Saturday 18th October 2025

Embracing AI undermines academia

Intelligence and Oxford are usually synonymous. After a term or two, this idea generally wanes amongst its student population, but there is an underlying truth that people at this University have some idea of how to think. Why, then, is artificial intelligence being repeatedly imposed upon us; arriving in our search engines, eBook services, and most recently, across the entire university? The use of AI is rapidly changing from being a choice, made largely by hungover undergraduates, to an expectation coming top-down from the University administration. This assumes the worst of Oxford’s students – ignoring the genuine desire to work hard and improve – and instead views academia as a means to an end, rather than a worthwhile occupation in itself. 

First infiltrated was the eBook services. No person accessing a 1970s monograph on coinage in revolutionary America has any use for a vague and inaccurate summary. There is an immediate assumption of laziness that emerges when this is an unavoidable feature. I’ll save you the tangent on Britain’s anti-intellectual culture, but we live in a world that increasingly caters to the lowest common denominator. Maybe it’s asking too much of online book providers, but one should be able to read and seek information unencumbered by constant simplification. 

The most glaring issue with AI is that it is often factually wrong. The University uses literature reviews as an example of AI helping, but it cannot assist if it does not understand the work in the field. An AI summary of ‘Dress and Society: Contributions from Archaeology’ by Toby F Martin and Rosie Wench highlights Virginia Woolf as a “key concept”, having been quoted once. While my grip on medieval dress archeology may leave my tutors somewhat wanting, I can say with some certainty that Virginia Woolf does not play a major role. AI is only capable of clinging to words it has seen a lot, much like a three year old recognising their own name. 

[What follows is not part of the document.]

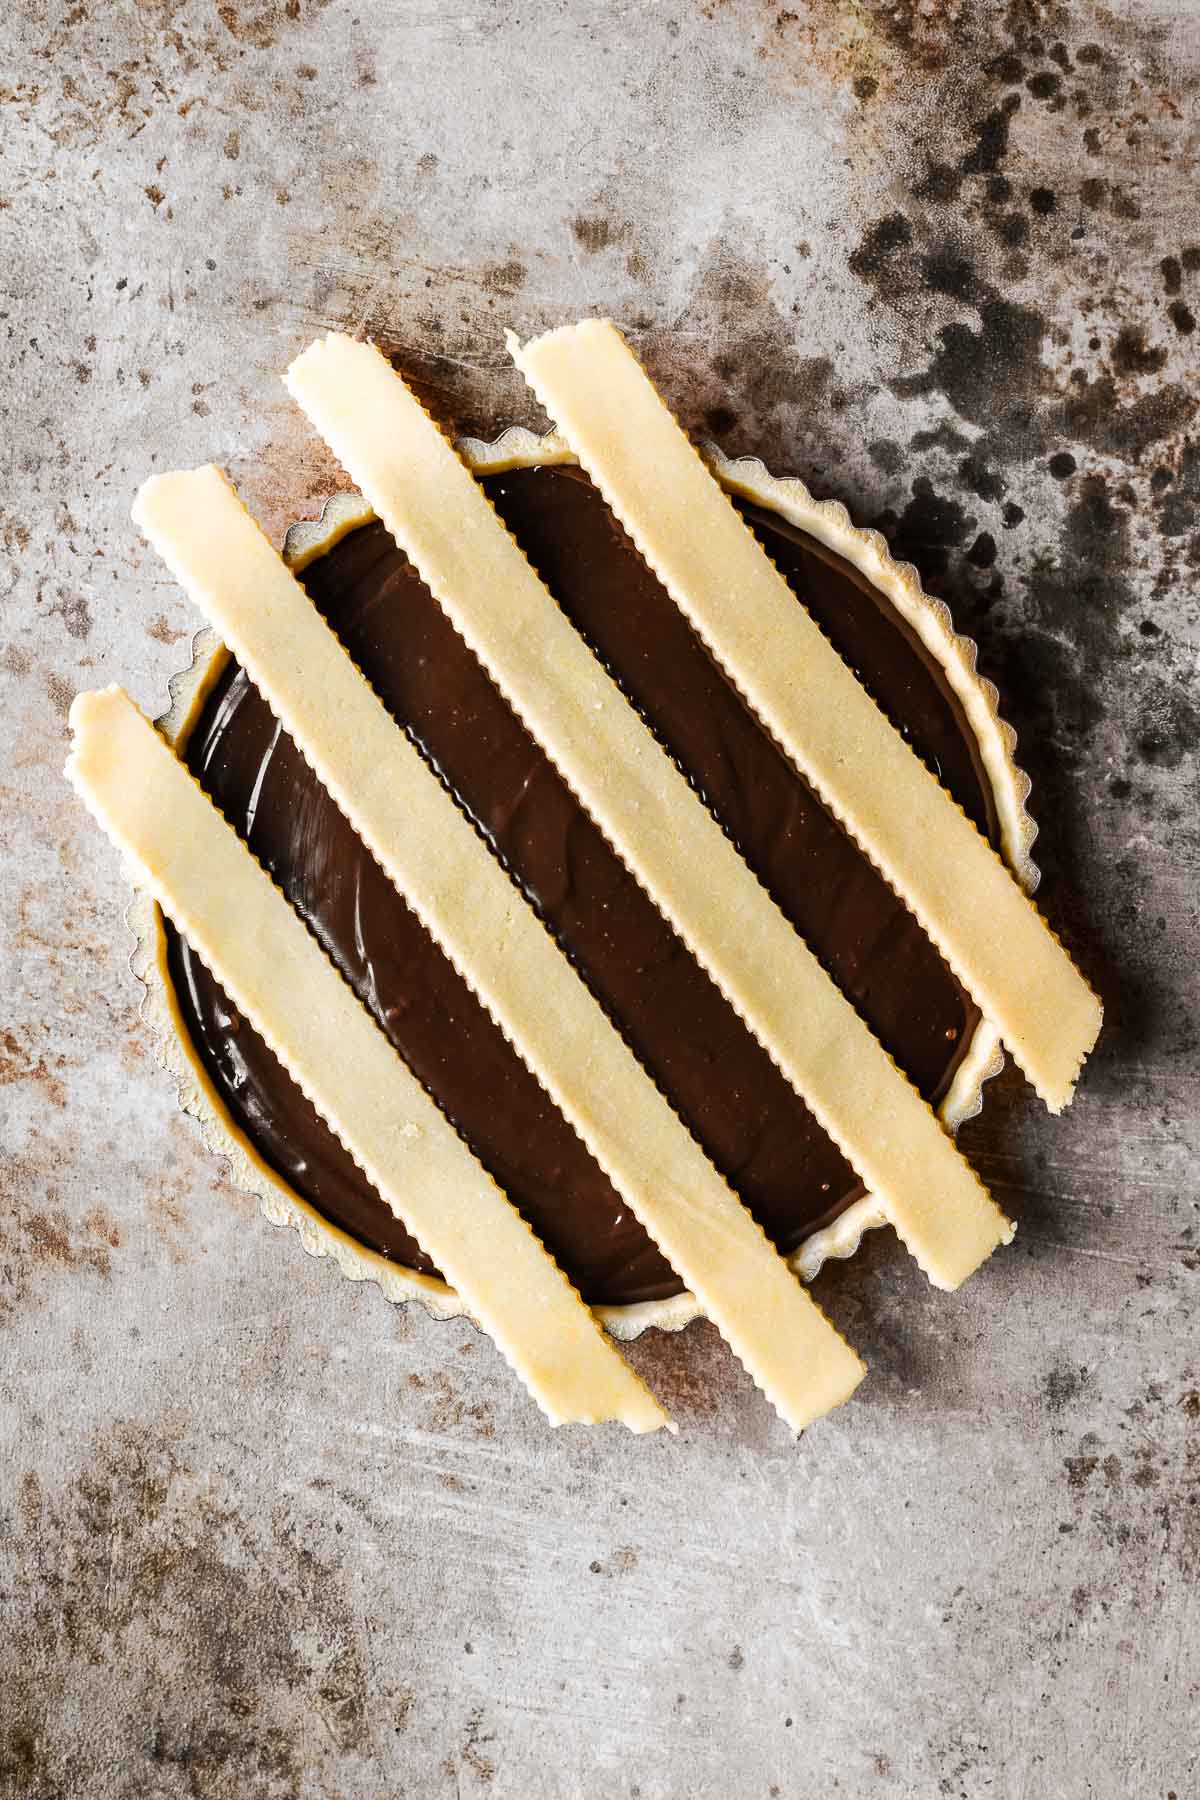 Strips of lattice dough on an unbaked chocolate filled tart.

While this example is obviously incorrect, had it flagged something more inconspicuous, the error could have easily gone unnoticed. When using AI in the very way the University recommends – which involves aforementioned literature reviews or identifying research gaps – this error becomes a significant issue. 

Most disturbingly, the AI writing the summary seems to think that it is the author of the book. Claiming “we seek to promote [dress] as fundamental to…understanding past societies”, appears relatively innocent, if not hugely accurate. However, it is this claim of authorship which is more worrying. Martin and Weetch did not argue that. It is one thing to have a poor summary, it is another to put words into the authors’ mouths. 

Recently, the University has taken the embrace of AI one step further, providing access to ChatGPT-5 for all staff and students. OpenAI – the company behind ChatGPT – has been sued multiple times for using copyrighted work to train its models. While I would not recommend looking to Oxford University governance for overly moral decisions, I had hoped that the ideas of intellectual property and authorial remuneration might somewhat resonate. Instead, the University is funnelling money into a company that undermines these values. 

The University is struggling with AI usage. I am not ignorant to that, nor to the idea that by facilitating it, they have better means of controlling the usage. But by embracing AI like this, Oxford University is simply giving up on trying to engage properly with the most pressing issue facing academia today. In doing so, the administration is letting its students down.

Where the University gives advice on AI usage, it is often a direct replacement for actually engaging with another person. In some cases, like working on writing in an academic tone, this may be helpful. In others, like hearing a “range of perspectives” or having “critical questions about a text”, speaking with others and simply thinking can have the same outcome – with the added benefit that the student might actually grow intellectually, rather than just being ready to answer the next question. 

I struggle to see how any humanities subject is benefited by AI. Everything that I know current humanities students are asking it to do is harmful to the education we are supposed to be getting. Developing the ability to think critically and understand – rather than just learn information – is the hallmark of an Oxford degree. So while an AI chatbot might be able to aid you in regurgitating ‘facts’, continued usage undermines the very point of why we are here. 

A few months ago, a joke of ‘just having a think’ circulated on social media. While light-hearted, it speaks to a wider sentiment. We have not evolved as a species in the past few years to lack the capacity for thought, nor the desire for it. Tech companies and the University treat AI as some inevitable, coveted invention: this is simply not the case. Oxford is full of intelligent and engaged people; people who want to do the work, and want to have opinions on it. By facilitating copious AI usage, the University fails to deliver on its centuries-long tradition of encouraging independent and original thought.